2018 NAIA Division I women's basketball tournament
- Teams: 32
- Finals site: Rimrock Auto Arena at MetraPark, Billings, Montana
- Champions: Freed–Hardeman Lions (1st title, 2nd title game, 7th Fab Four)
- Runner-up: Westmont Warriors (2nd title game, 3rd Fab Four)
- Semifinalists: Montana Western Bulldogs (1st Fab Four); Wayland Baptist Flying Queens (4th Fab Four);
- Coach of the year: Dale Neal (Freed–Hardeman)
- Player of the year: DaJonee Hale (Central Methodist)
- Charles Stevenson Hustle Award: Joy Krupa (Westmont)
- Chuck Taylor MVP: Kim Mallory (Freed–Hardeman)
- Top scorer: Kayla Styles (Lindsey Wilson) (63 points)
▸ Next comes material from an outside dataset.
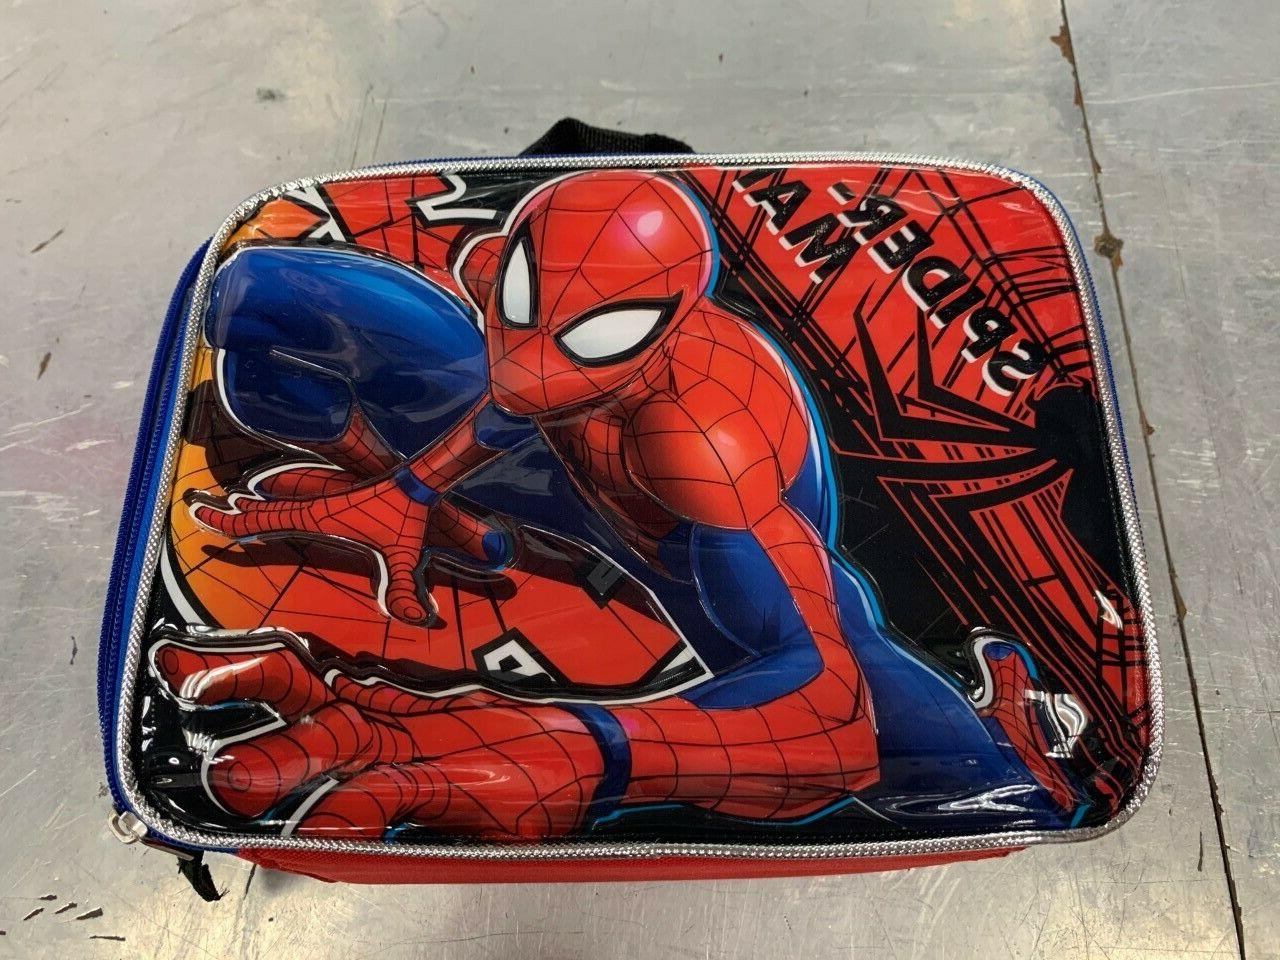 Spiderman Movie School Lunch Box Bag Thermos Insulated Snack Food Kids Gift  Toy

= 2018 NAIA Division I women's basketball tournament =

The 2018 NAIA Division I women's basketball tournament was the tournament held by the NAIA to determine the national champion of women's college basketball among its Division I members in the United States and Canada for the 2017–18 basketball season.

Freed–Hardeman defeated Westmont in the championship game, 76–64, to claim the Lions' first NAIA national title.

The tournament was played at the Rimrock Auto Arena at MetraPark in Billings, Montana.

==Qualification==

The tournament field remained fixed at thirty-two teams. For the first time, no teams received a seed.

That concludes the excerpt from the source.